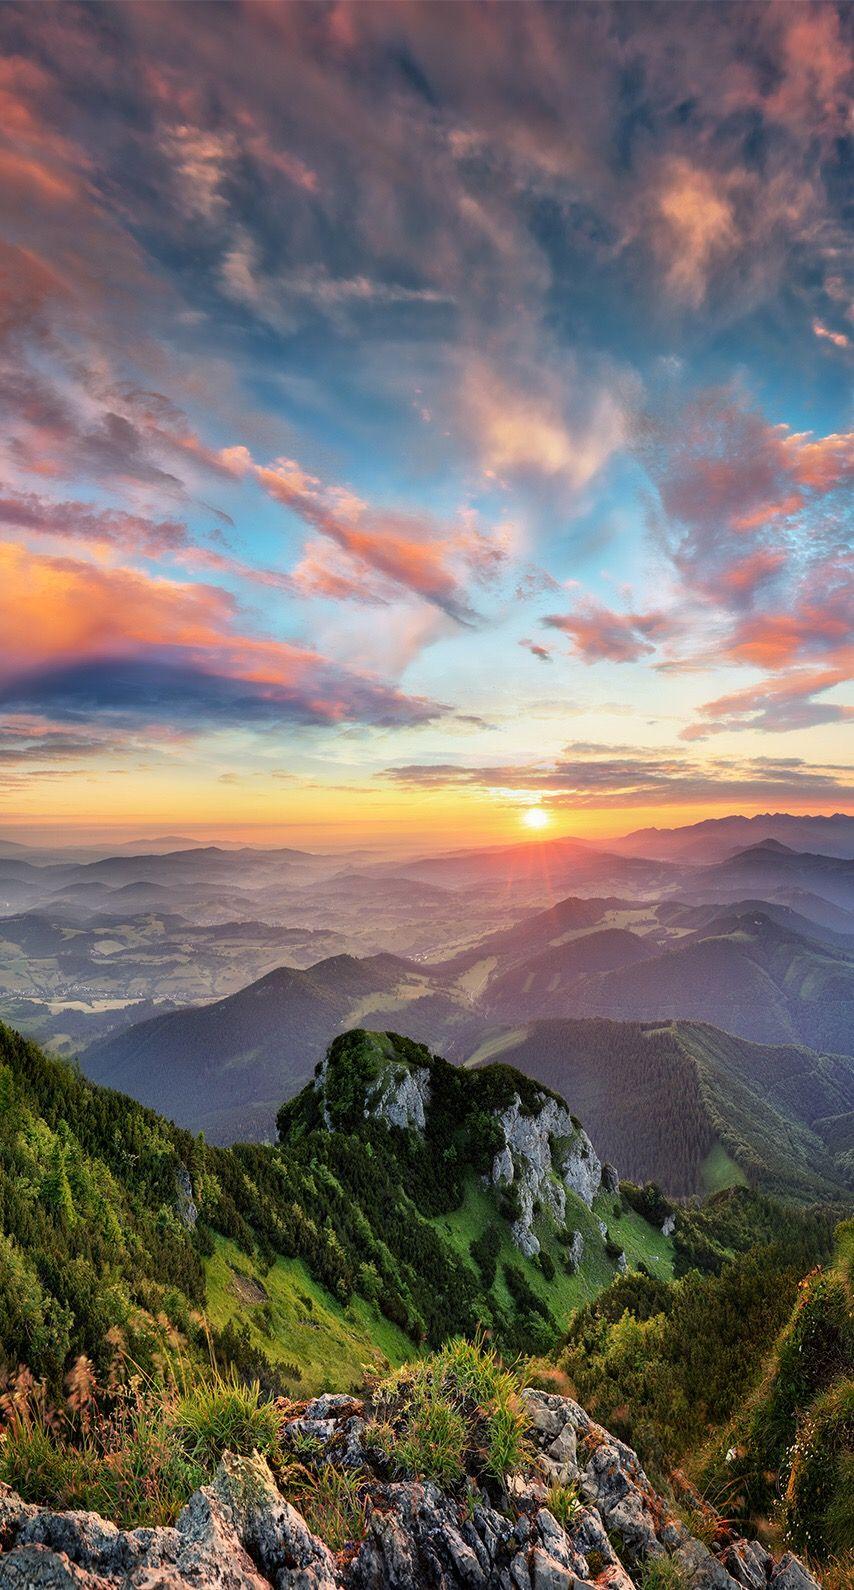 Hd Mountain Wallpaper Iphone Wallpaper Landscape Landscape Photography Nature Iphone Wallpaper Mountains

---

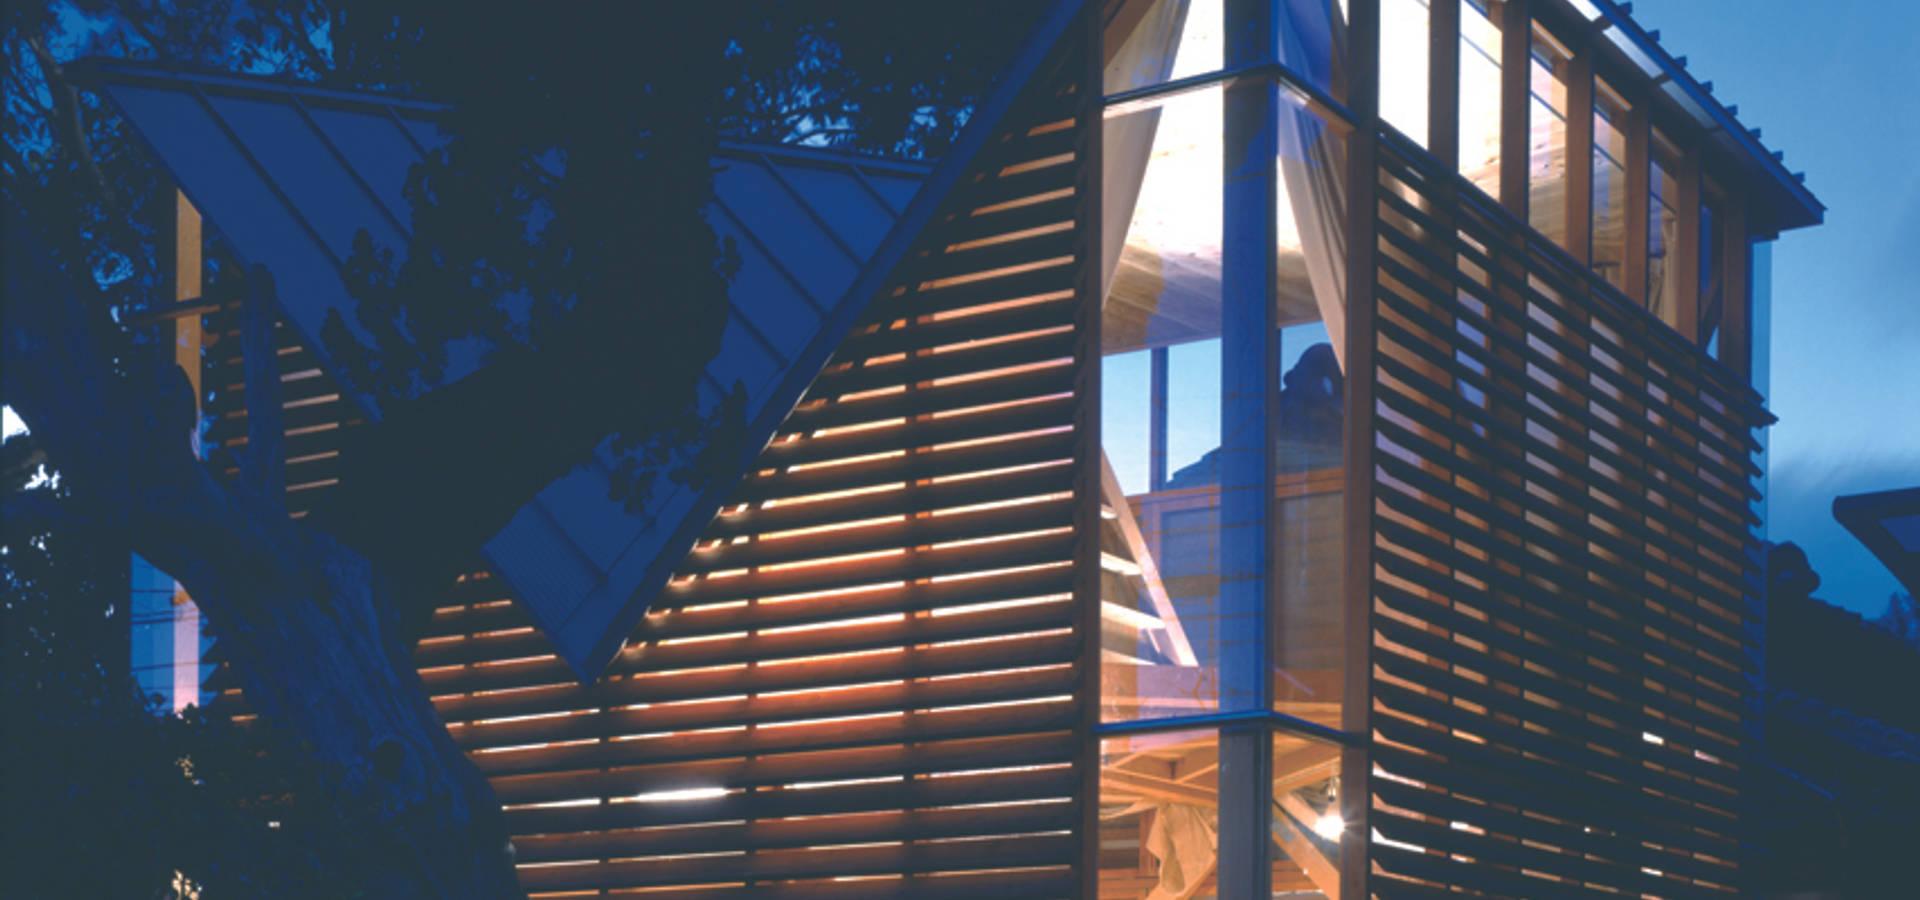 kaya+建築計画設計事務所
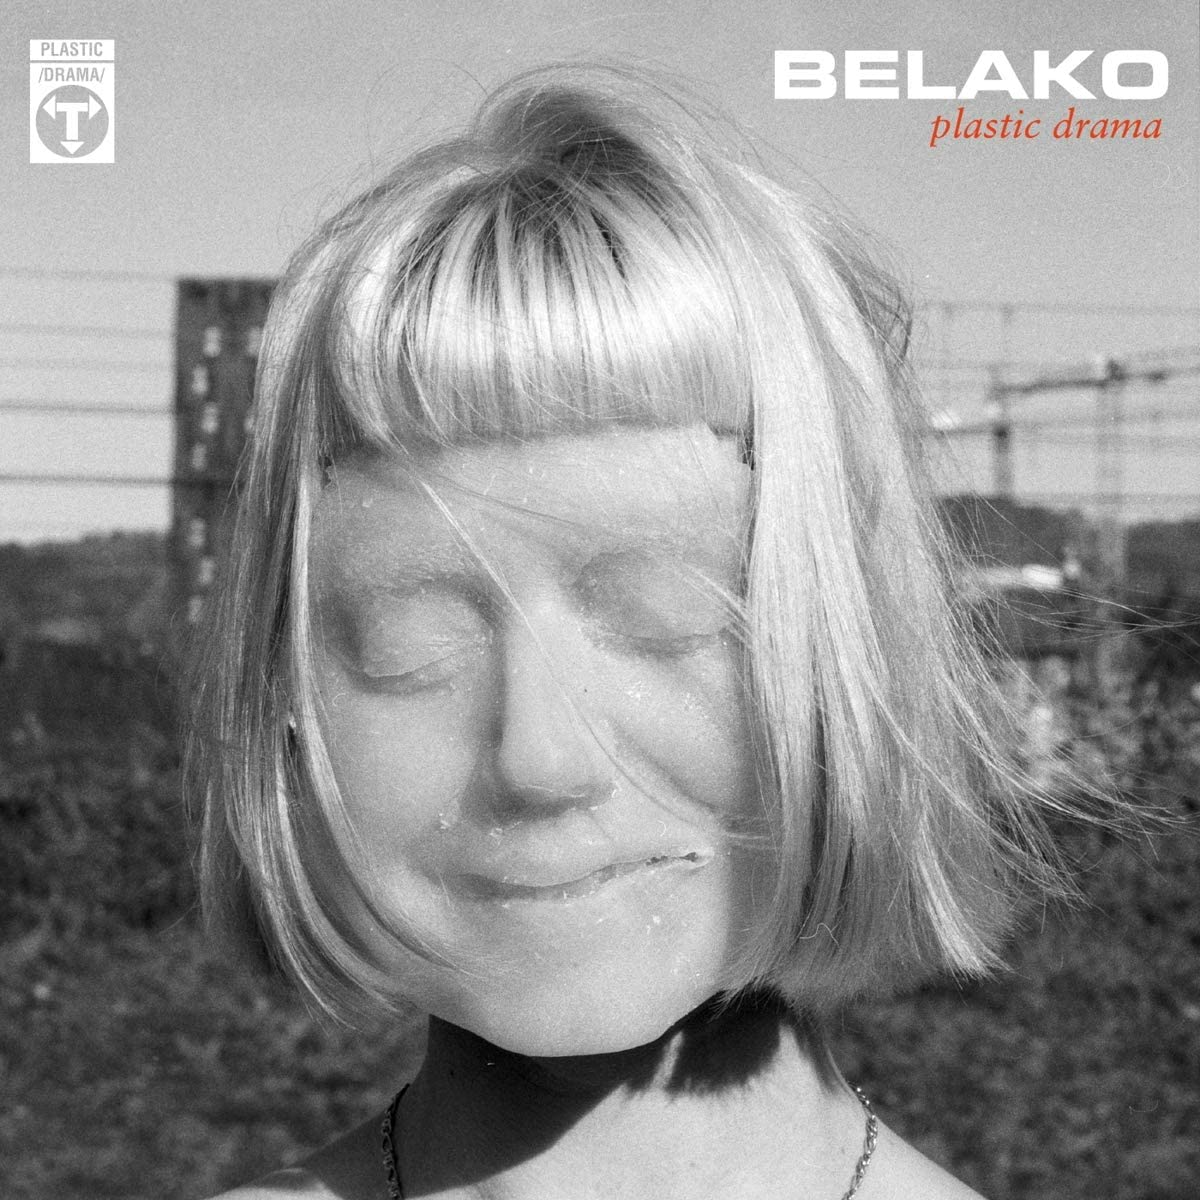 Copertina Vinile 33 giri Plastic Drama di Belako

* * *

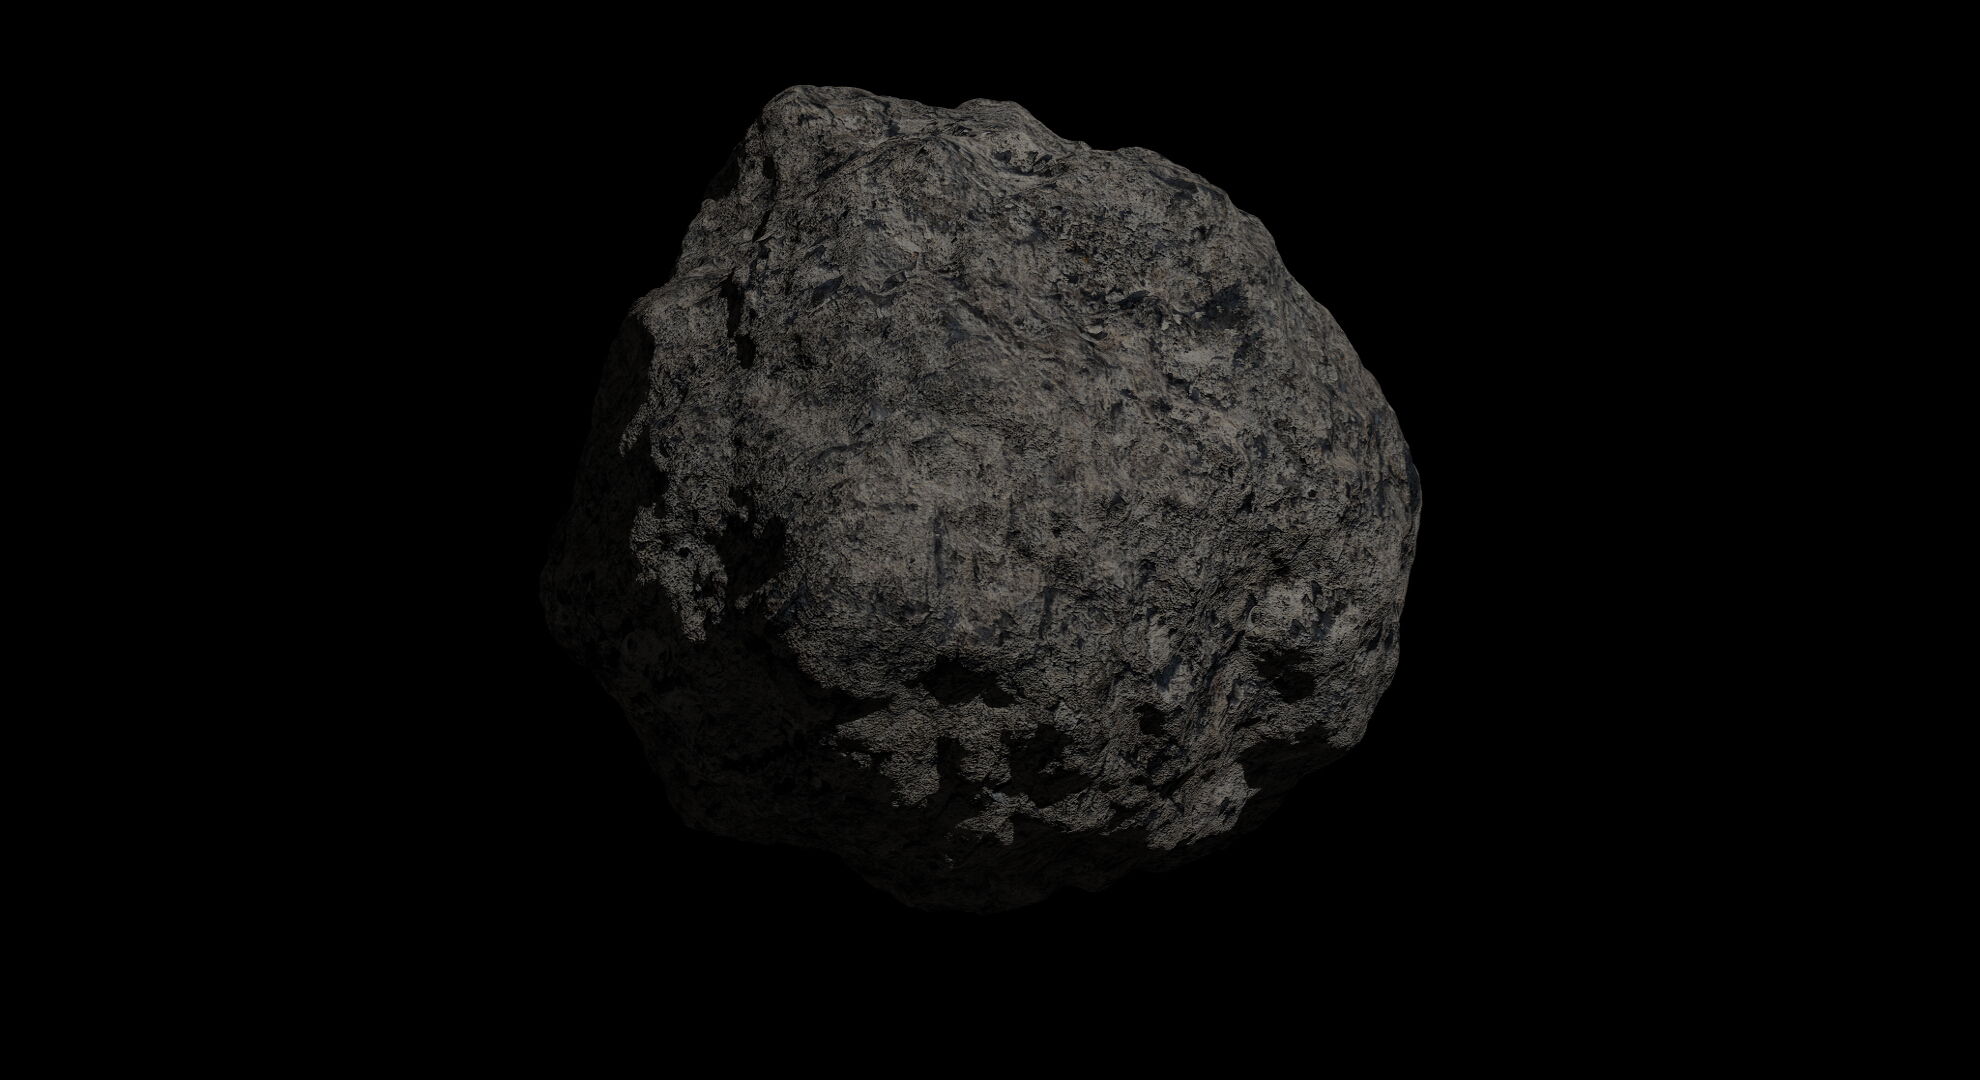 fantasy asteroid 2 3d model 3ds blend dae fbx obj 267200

* TASK DETAILS:
All pictures are to be skipped. Output, word for word, the lines in the data above starting at the line containing "kaya+建築計画設計事務所" and ending at the line containing "Copertina Vinile 33".

* RESPONSE TO THIS EXERCISE:
 kaya+建築計画設計事務所
 Copertina Vinile 33 giri Plastic Drama di Belako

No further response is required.